# Task
Set down the whole listing below exactly, without pictures.

# Recorded information
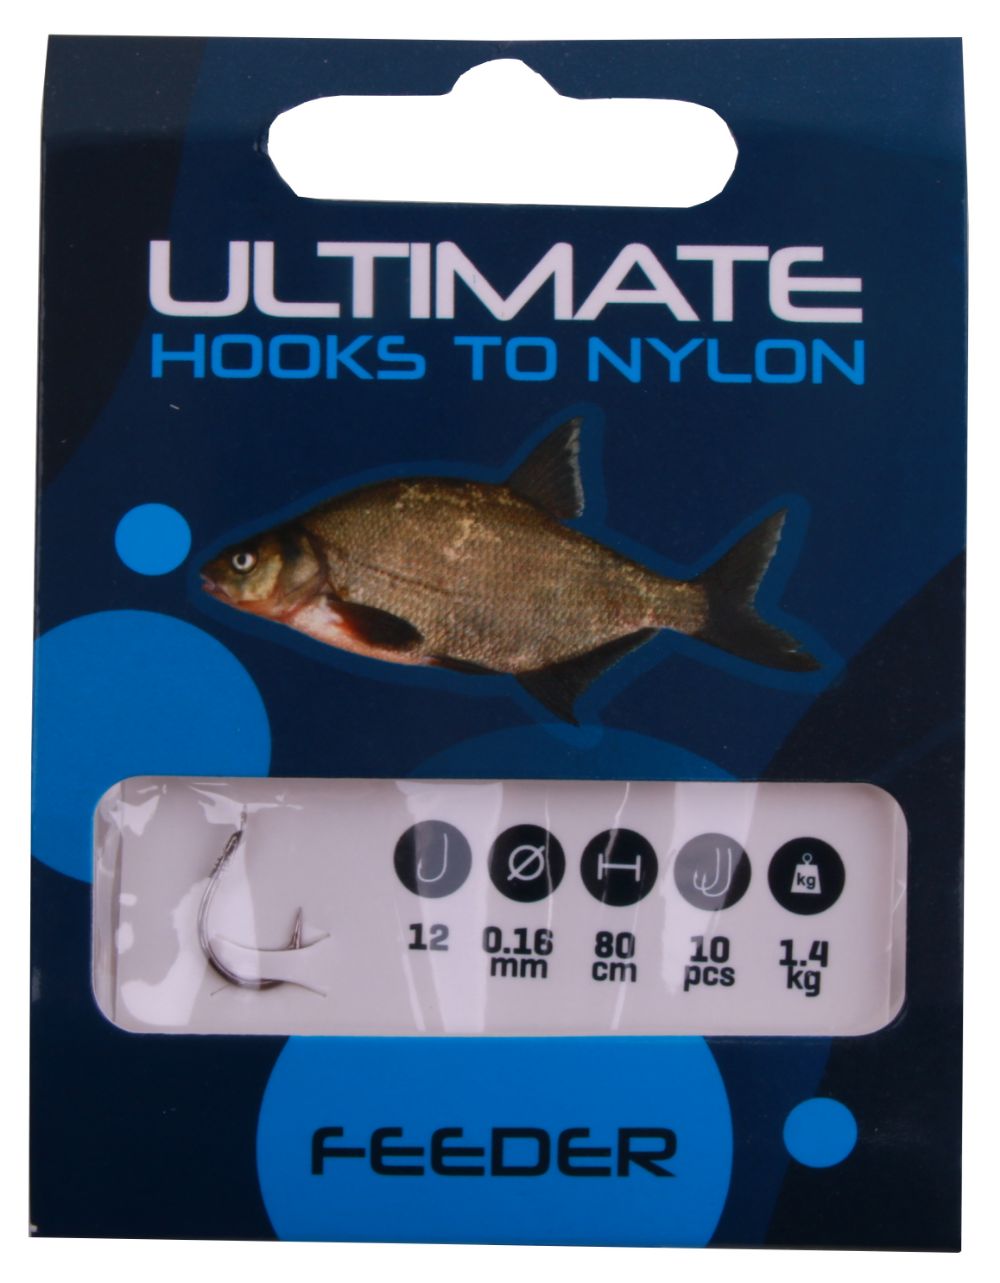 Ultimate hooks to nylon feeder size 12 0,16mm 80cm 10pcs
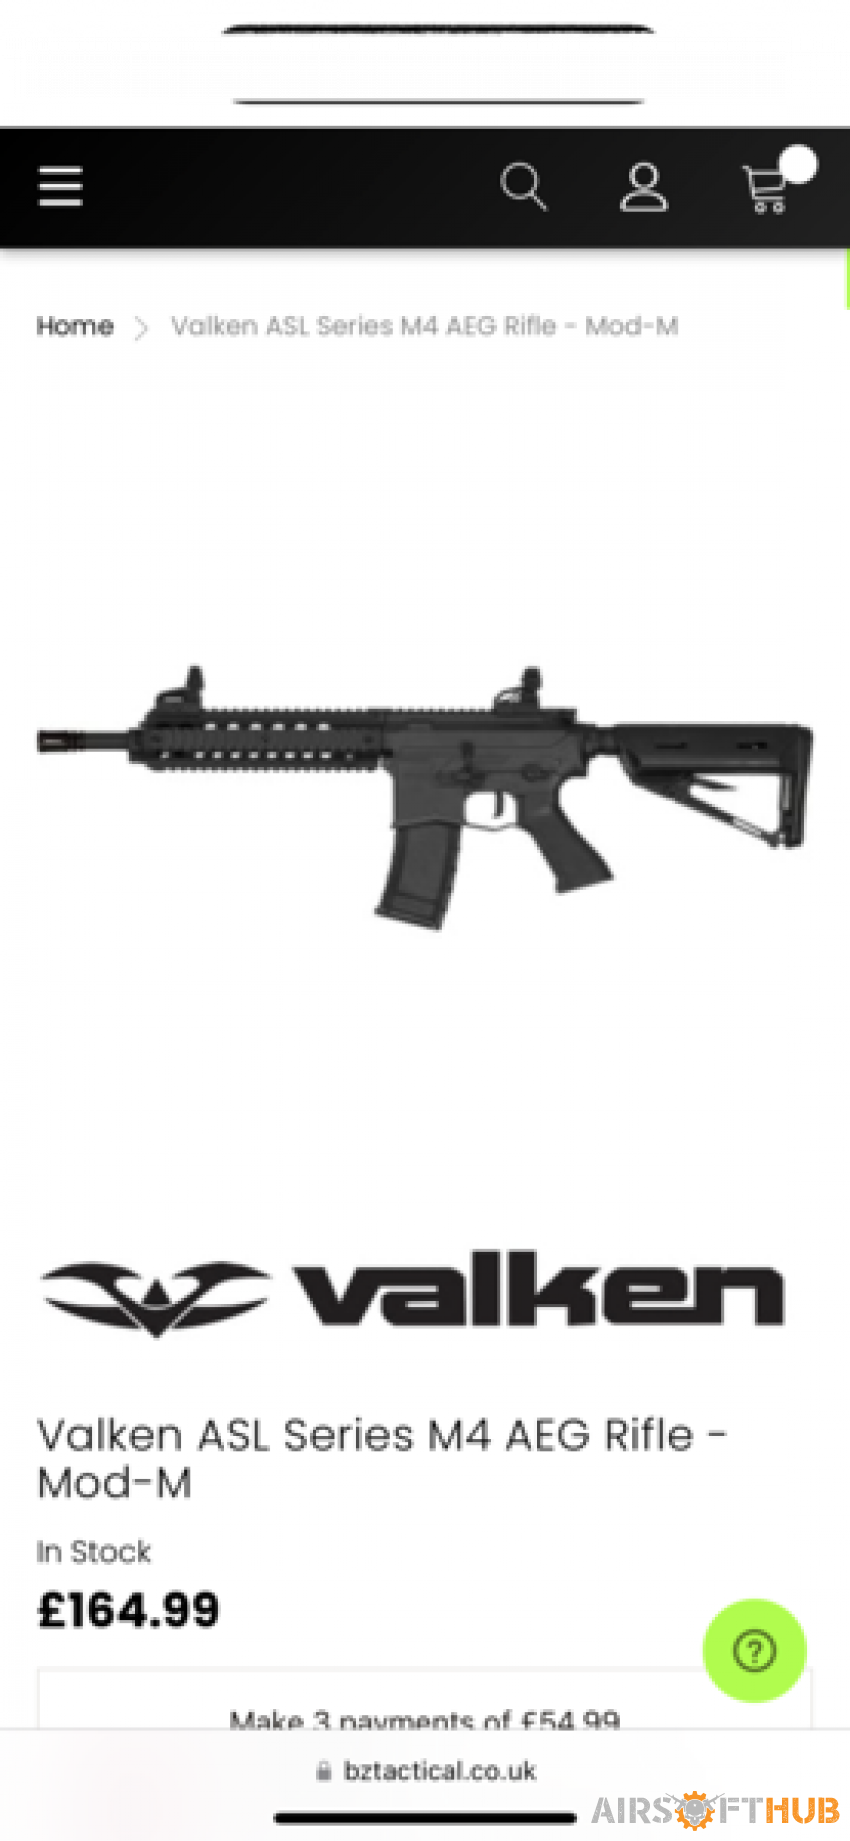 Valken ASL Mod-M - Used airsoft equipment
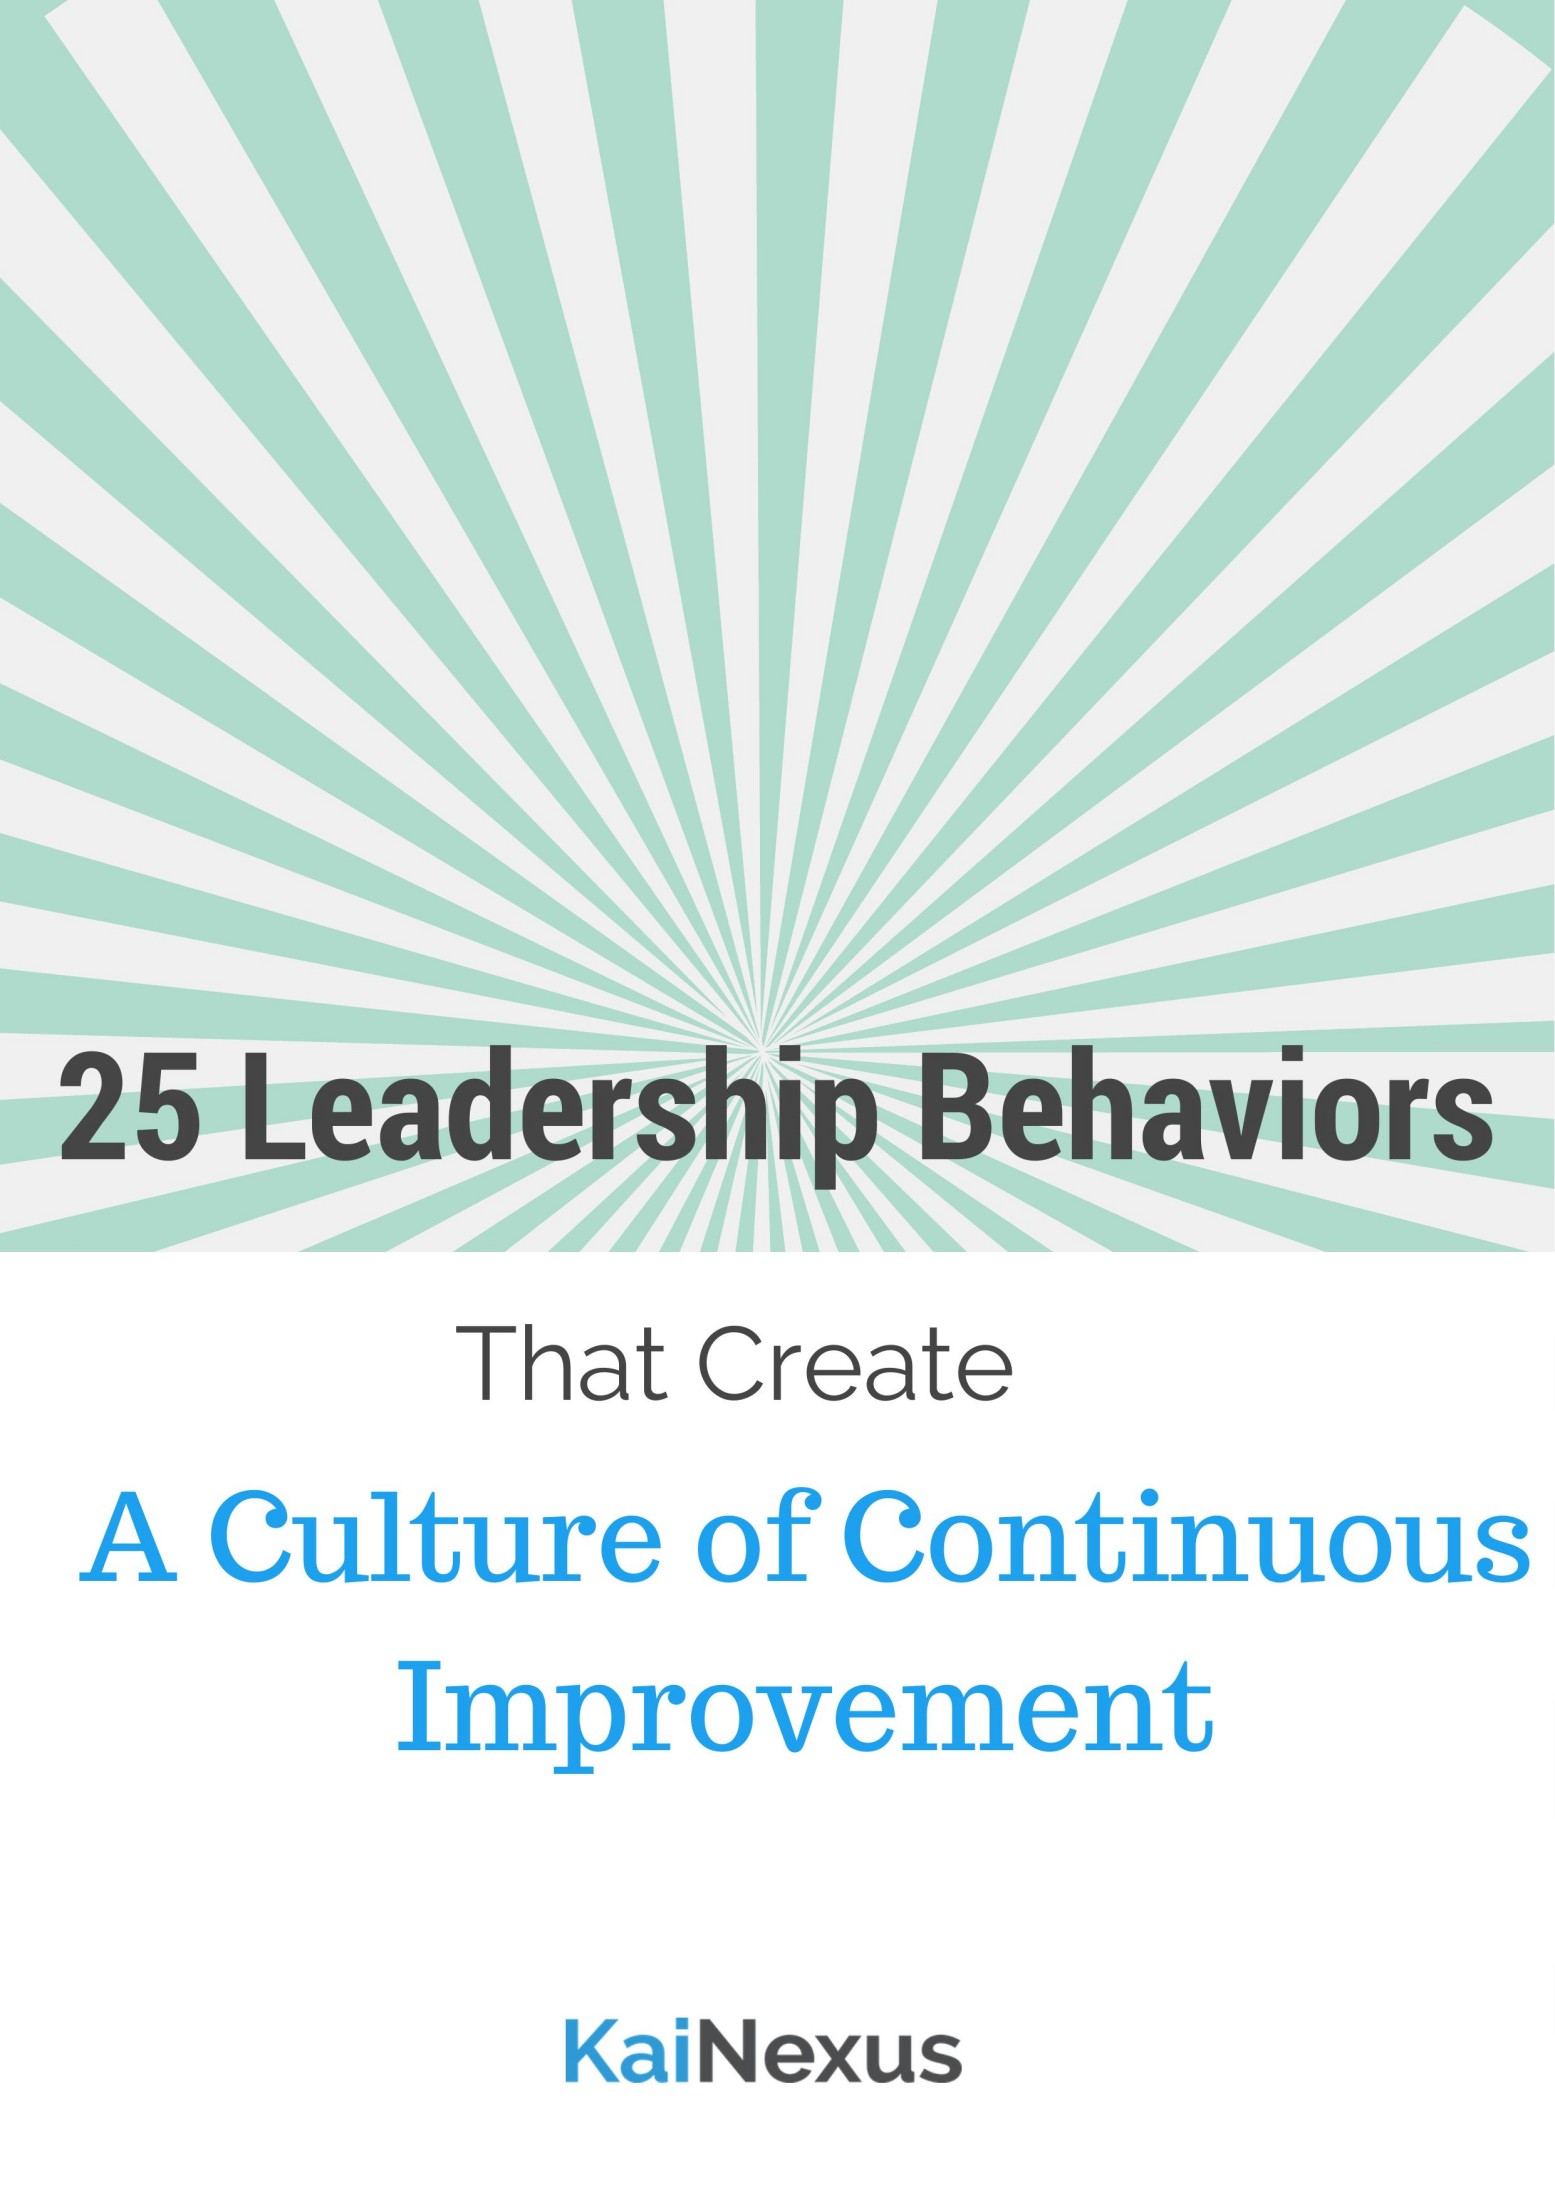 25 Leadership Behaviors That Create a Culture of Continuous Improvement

# Your solution
 Ultimate hooks to nylon feeder size 12 0,16mm 80cm 10pcs
 Valken ASL Mod-M - Used airsoft equipment
 25 Leadership Behaviors That Create a Culture of Continuous Improvement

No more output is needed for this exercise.